[Developers] A possible GPU project
dave fournier
davef at otter-rsch.com
Wed Apr 11 13:53:57 PDT 2012
On 12-04-11 12:39 PM, Matthew Supernaw wrote:
Well there are some interesting design questions to understand before one
needs a computer with suitable GPU although I have one.

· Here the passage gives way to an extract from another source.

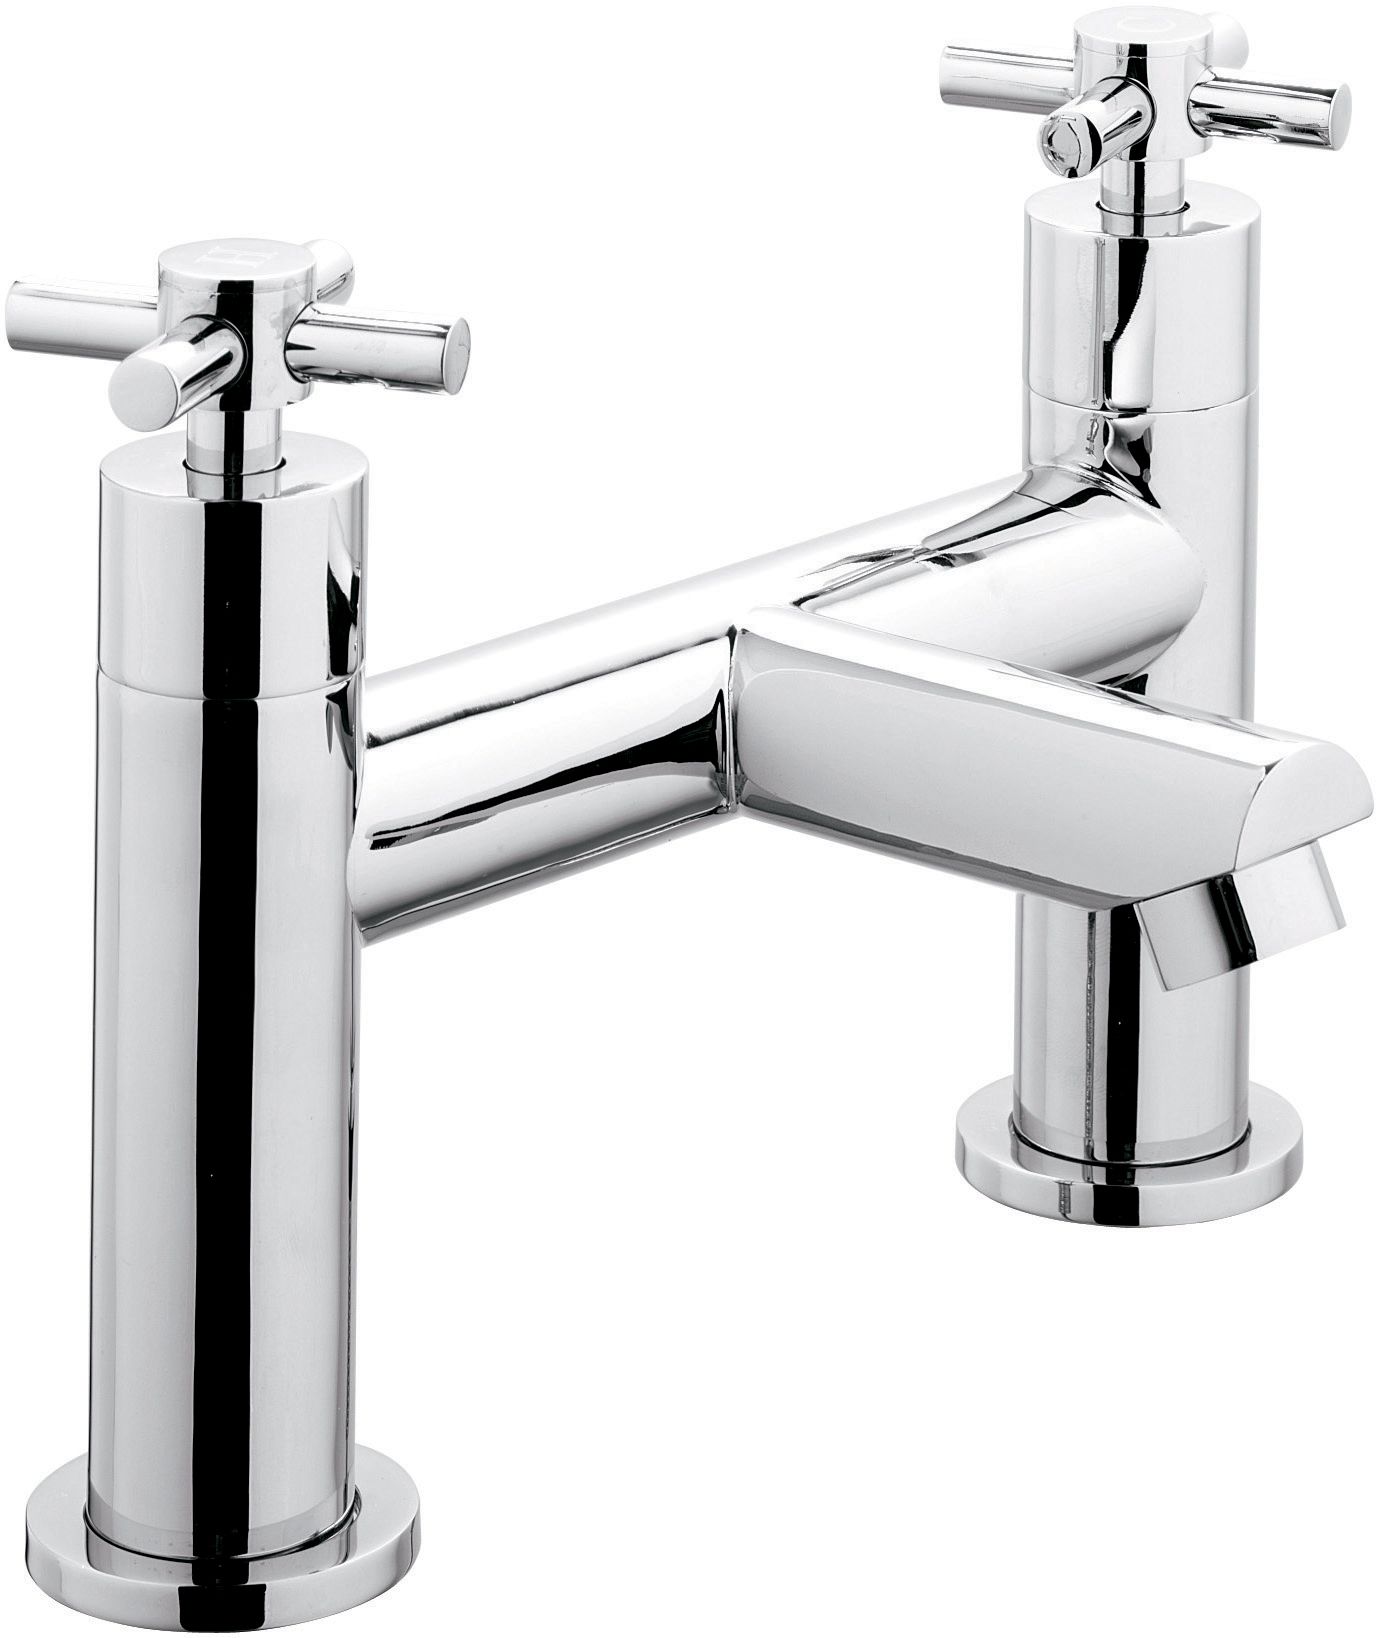 Image of Wickes Connect Bath Filler Tap - Chrome

As I understand it an important part of GPU
programming is to access contiguous memory as much as possible.
So if we are doing a dot product
z +=x[i]*y[i]
and you have 1000 threads operating at the same time they are accessing
x[1],x[2], ... x[1000] y[1],y[2],...y[1000] ie contiguous memory
for x and z so this is good.
Lets consider the first part of
void hcalcs1(int n,int n1,int np,int is,
dfsdmat & h,dvector & g,dvector & w)
{
int i,j,i1;
double z;
for (i=2; i<=n; i++)
{
i1=i-1;
z=-g.elem(i);
double * pd=&(h.elem(i,1));
double * pw=&(w.elem(1));
for (j=1; j<=i1; j++)
{
z-=*pd++ * *pw++;
}
w.elem(i)=z;
}
this can be written as
w(2) = -( g(2) + h(2,1)*w(1) )
w(3) = -( g(3) + h(3,1)*w(1)+ h(3,2)*w(2) )
w(4) = -( g(4) + h(4,1)*w(1)+ h(4,2)*w(2)+ h(4,3)*w(3) )
......
w(k) = -( g(k) + h(k,1)*w(1)+ h(k,2)*w(2)+ ... + h(k,k-1)*w(k-1) )
....
There are two ways to parallelize this
g(2) + h(2,1)*w(1)
g(3) + h(3,1)*w(1)
g(4) + h(4,1)*w(1)
......
g(k) + h(k,1)*w(1)
then wait until
w(2) = -( g(2) + h(2,1)*w(1) )
so you need to synchronize here
then the next step is (so the first thread is finished what toi do with it)
g(3) + h(3,1)*w(1)+ h(3,2)*w(2)
g(4) + h(4,1)*w(1)+ h(4,2)*w(2)
......
g(k) + h(k,1)*w(1)+ h(k,2)*w(2)
then wait until
w(3) = -( g(3) + h(3,1)*w(1)+ h(3,2)*w(2) )
etc.
Note that for this to be good one wants h(i,j) to be near h(i+1,j) i.e
store by column
The other way is to parallelize the dot product
w(k) = -( g(k) + h(k,1)*w(1)+ h(k,2)*w(2)+ ... + h(k,k-1)*w(k-1) )
or
w(k) = -g(k) + dot(&(h(k,1)),&(w(1)),k-1)
where dot(double * x,double * y,int k) is the dot product of two vector
of length n).
Note: for this you want h(i,j) to be close to h(i,j+1) i.e. store by row.
This looks simpler and we can include g(k) into the dot product with a
kludge.
> I did some GPU computing a few years ago for the park service. The big
> problem was that not all GPU/GPU drivers where created equal.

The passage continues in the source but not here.